Светец, с ущемленной в него горящей лучиной, которую надобно было беспрестанно заменять новою, обратил на себя мое особенное внимание; иные лучины горели как-то очень прихотливо: иногда пламя пылало ярко, иногда чуть-чуть перебиралось и вдруг опять сильно вспыхивало; обгоревший, обуглившийся конец лучины то загибался крючком в сторону, то падал, треща, и звеня, и ломаясь; иногда вдруг лучина начинала шипеть, и струйка серого дыма начинала бить, как струйка воды из фонтанчика, вправо или влево.

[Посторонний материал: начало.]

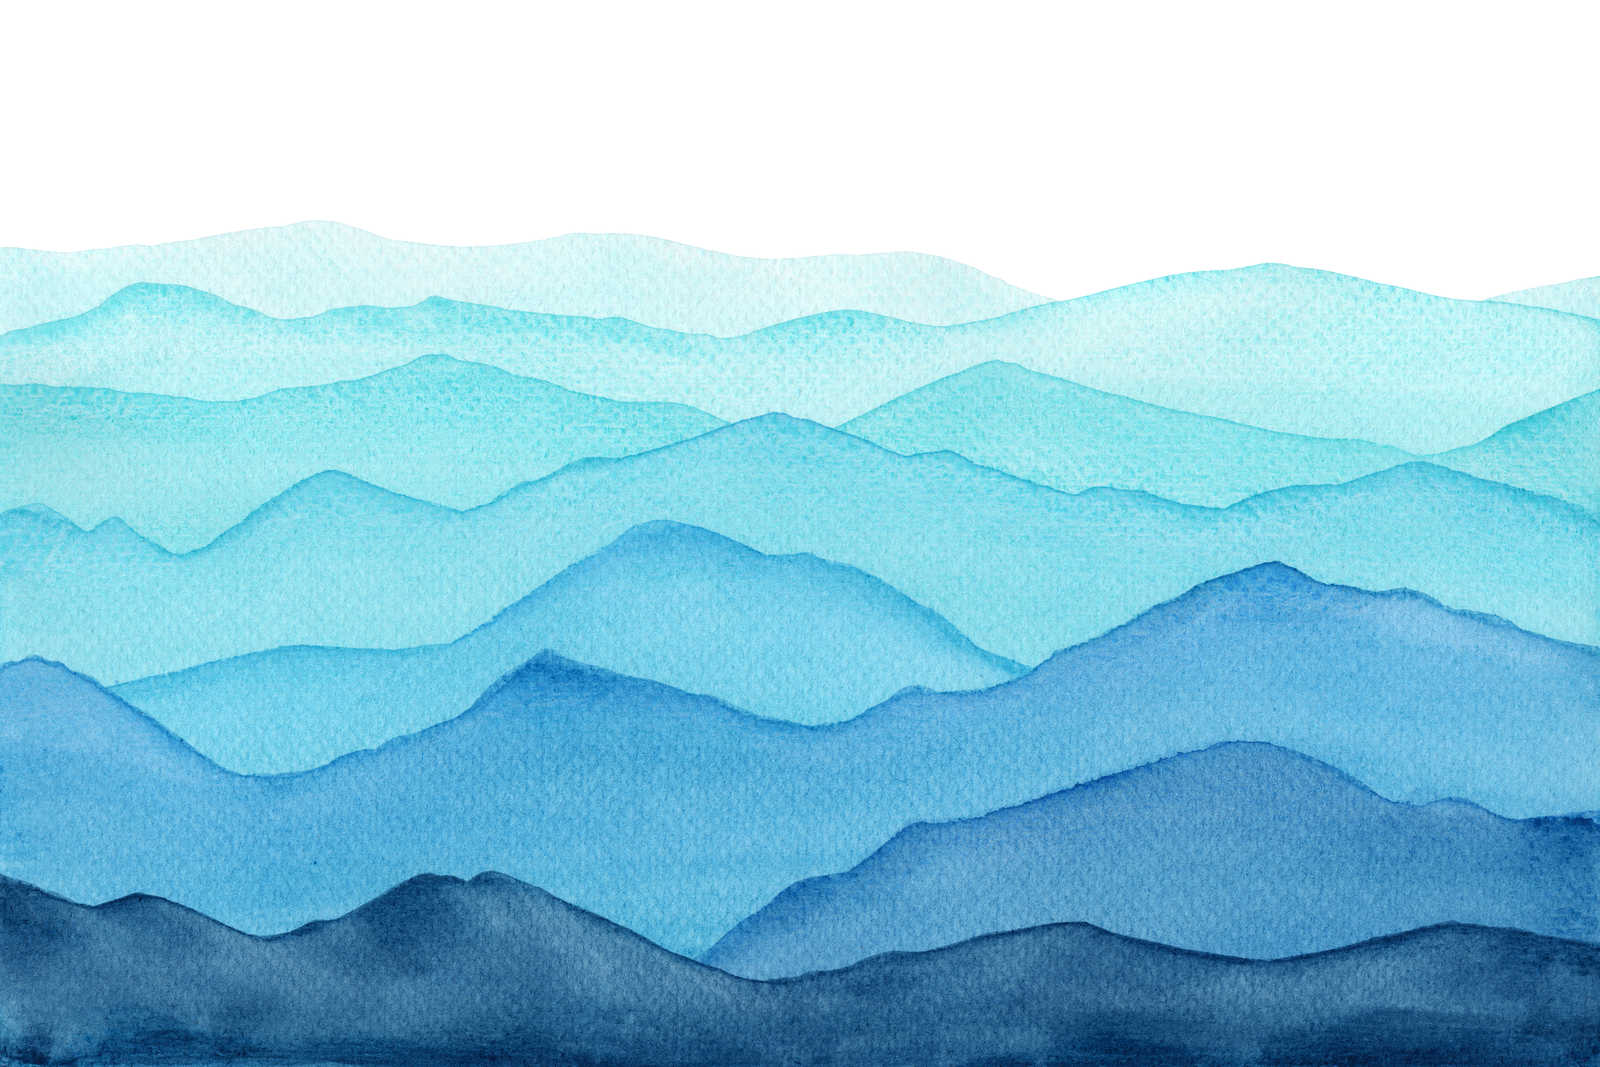             Leinwand Meer mit Wellen in aquarell – 120 cm x 80 cm

Костер стал гореть не очень ярко; тогда пожарные, входя во дворы, приносили оттуда поленья дров, подкладывали их в огонь, — на минуту дым становился гуще, а затем огонь яростно взрывал его, и отблески пламени заставляли дома дрожать, ежиться.
Окончив ужин, все расположились вокруг костра; перед ними, торопливо поедая дерево, горел огонь, сзади нависла тьма, окутав лес и небо. Больной, широко открыв глаза, смотрел в огонь, непрерывно кашлял, весь дрожал — казалось, что остатки жизни нетерпеливо рвутся из его груди, стремясь покинуть тело, источенное недугом. Отблески пламени дрожали на его лице, не оживляя мертвой кожи. Только глаза больного горели угасающим огнем.
Наша литература — наша гордость, лучшее, что создано нами как нацией. В ней — вся наша философия, в ней запечатлены великие порывы духа; в этом дивном, сказочно быстро построенном храме по сей день ярко горят умы великой красы и силы, сердца святой чистоты — умы и сердца истинных художников.